In the early 1850s, Jevons enrolled to study chemistry at Bentham's alma mater, University College London (UCL). This also gave him the chance to attend the lectures of another famous Unitarian, James Martineau, a Benthamite who taught a course on âmental philosophy'. It was during the 1850s that a distinctive tradition of English psychology was emerging that had parallels with what Fechner was doing in Leipzig at the same time. The use of introspection, to study the inner life of the mind, gained respectability through the mid nineteenth century, especially following Alexander Bain's 1855 work,
The Senses and the Intellect
. Bentham's influence was important to this tradition too, but it was more the speculative, philosophical Bentham, who created theories of pleasure, rather than the technocratic Bentham, who wanted to actually ground politics in physical equipment. With his Unitarian and industrial background, Jevons was more naturally inclined to hard, geometric mechanics. Psychology was all very well, unless it could not be rendered mathematical.

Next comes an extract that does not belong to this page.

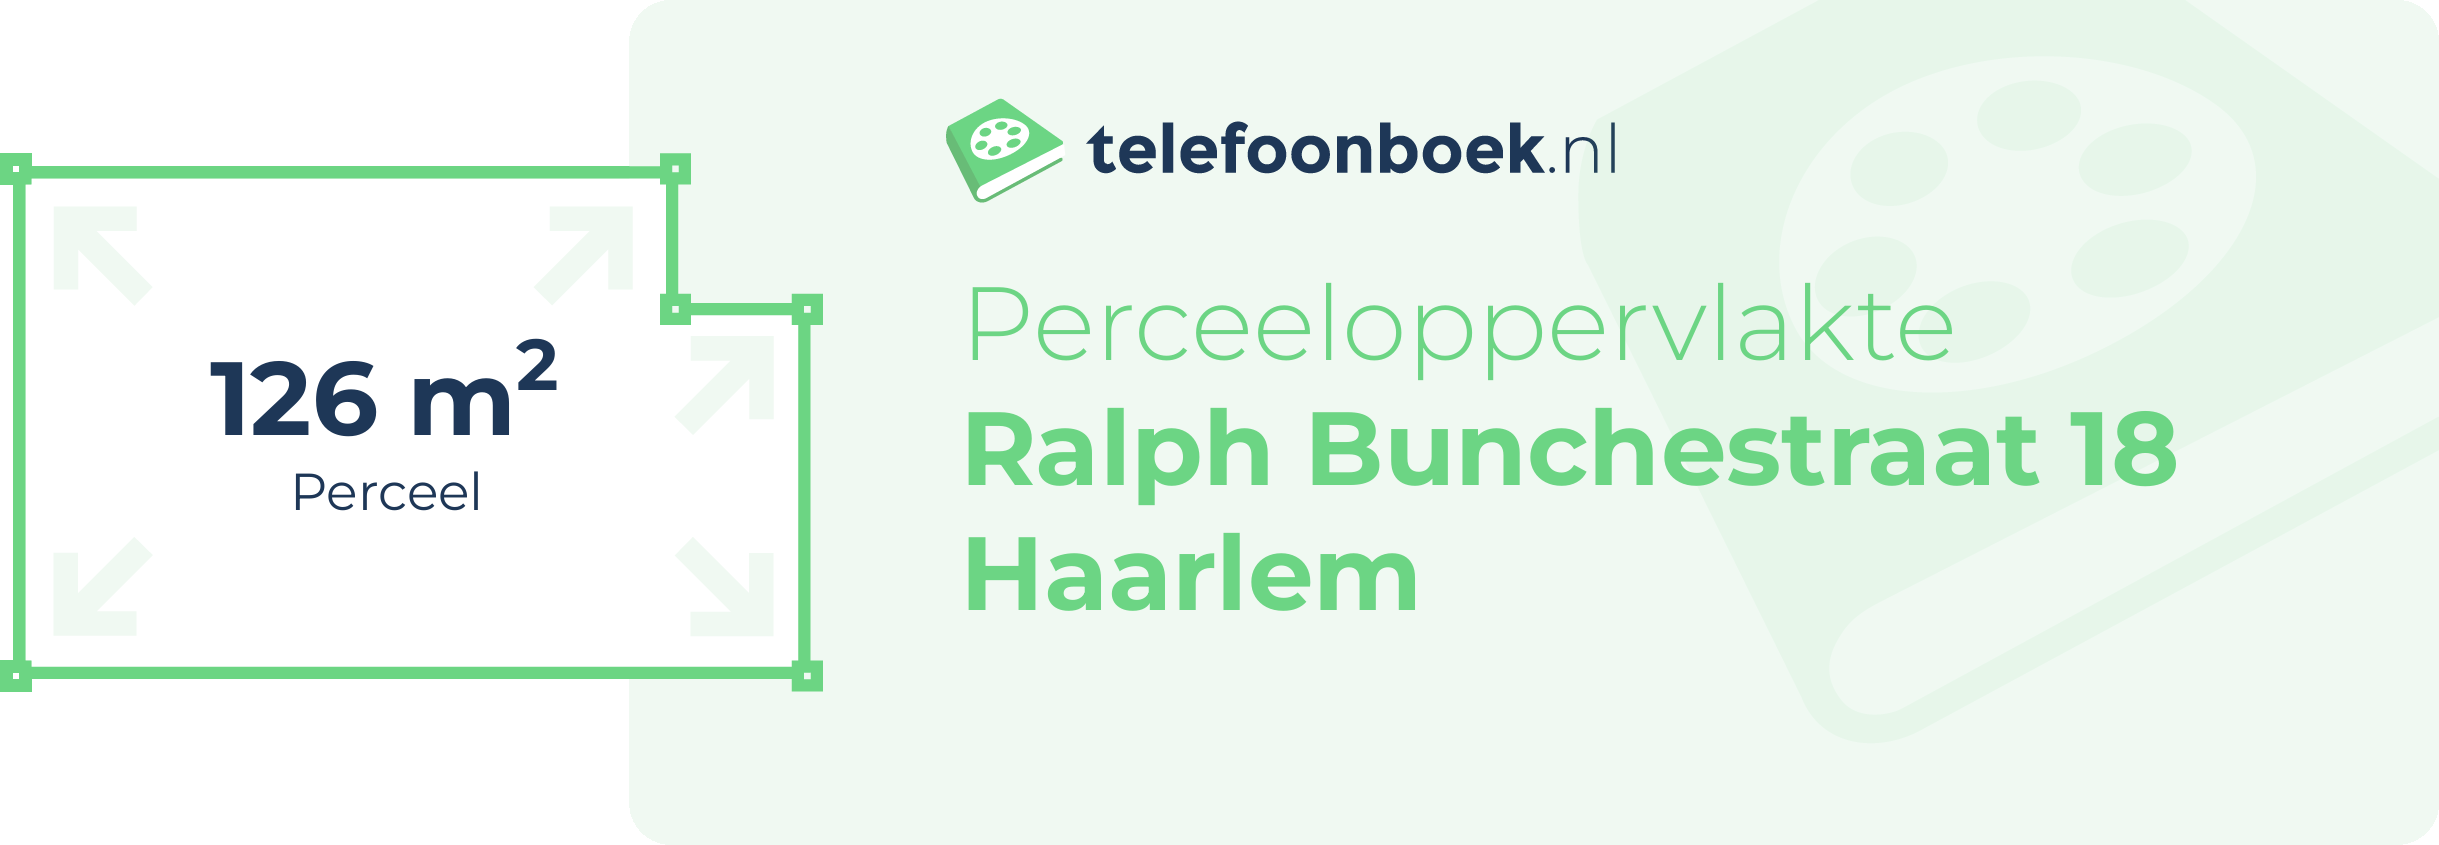 Perceeloppervlakte Ralph Bunchestraat 18 Haarlem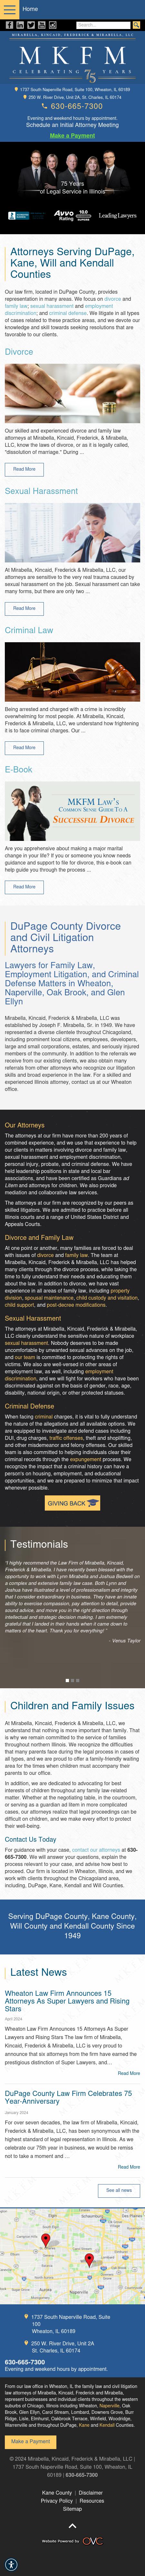 Mirabella, Kincaid, Frederick & Mirabella, LLC - Wheaton IL Lawyers

Jevons would have remained at UCL for longer, but in 1853, with his family suffering financial difficulties, his father obliged
him to accept a job in Sydney, Australia, as a gold assayer. This required the use of very finely tuned instruments and scales to test the quality and weight of gold, a practice that appealed to Jevons's mechanical sensibility. Here was a practical challenge, which involved the application of mathematics to the physical world and saw Jevons returning to his childhood hobby of using balancing devices. Not only that, but the object in question would prove to be the critical one in shaping Jevons's later intellectual career: money. It is interesting to consider that at precisely the same time as Fechner had begun his weight-lifting experiments to look at the mathematical relationship between physical objects and psychic feeling, 10,000 miles away Jevons was working with another form of weight-lifting instrument to test the monetary value of a precious metal. If the three different entities of mind, matter and money could be fixed in some mathematical relation to each other, the implications for the understanding of the market economy would be profound.